Despite this success, challenges such as resistance, antigen heterogeneity, and limited durability have highlighted the need for combination strategies. Accordingly, growing interest has centered on pairing ADCs with chemotherapeutics, ICIs, molecularly targeted agents, and even triplet regimens to enhance both efficacy and tolerability. Although not covered in this review, combination strategies such as ADC–ADC, ADC–radiotherapy, and ADC–cell therapy approaches are also being actively investigated in clinical settings. Numerous clinical trials across various cancers are already showing promising results. These combination approaches may improve response rates, reduce toxicity, and enable tailored options for older or clinically vulnerable patients.

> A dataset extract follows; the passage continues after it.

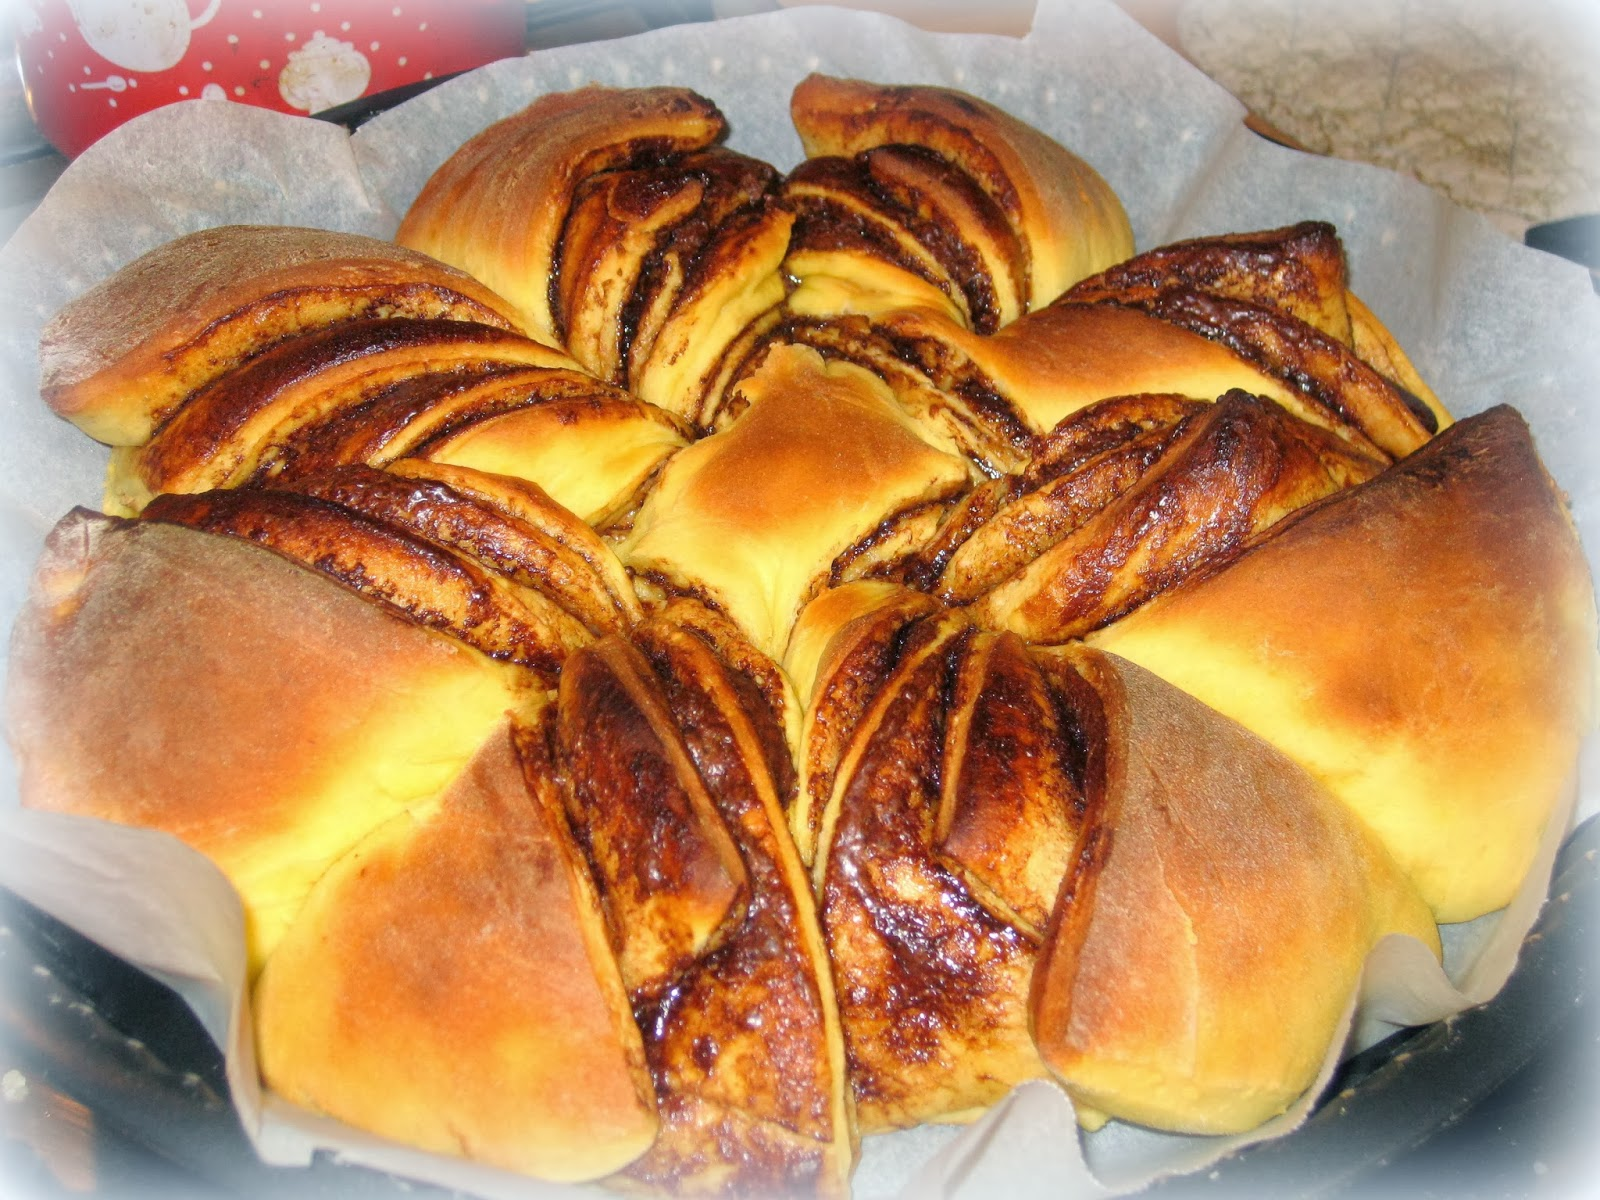 La ricetta dolce del Pan Brioches alla Nutella è morbida, bella da presentare e davvero golosa. Perfetta per festeggiare un compleanno.

However, several clinical challenges remain, including toxicity-management issues, optimal dose scheduling, and the identification of patient populations most likely to benefit from specific combinations. In addition, limited understanding of resistance mechanisms and the absence of validated biomarkers continue to hinder broader clinical translation of ADC-based combinations. Looking ahead, ADC-based regimens are expected to evolve through biomarker-driven patient selection, optimized combinations, and refined safety management. Future research should prioritize the integration of translational studies, rational design of synergistic combinations, and adaptive trial frameworks to overcome current limitations and fully realize the potential of ADC-based multi-modal therapy. ADCs, whether in monotherapy or combination therapy, are expected to assume an important role in the evolving field of precision cancer therapy.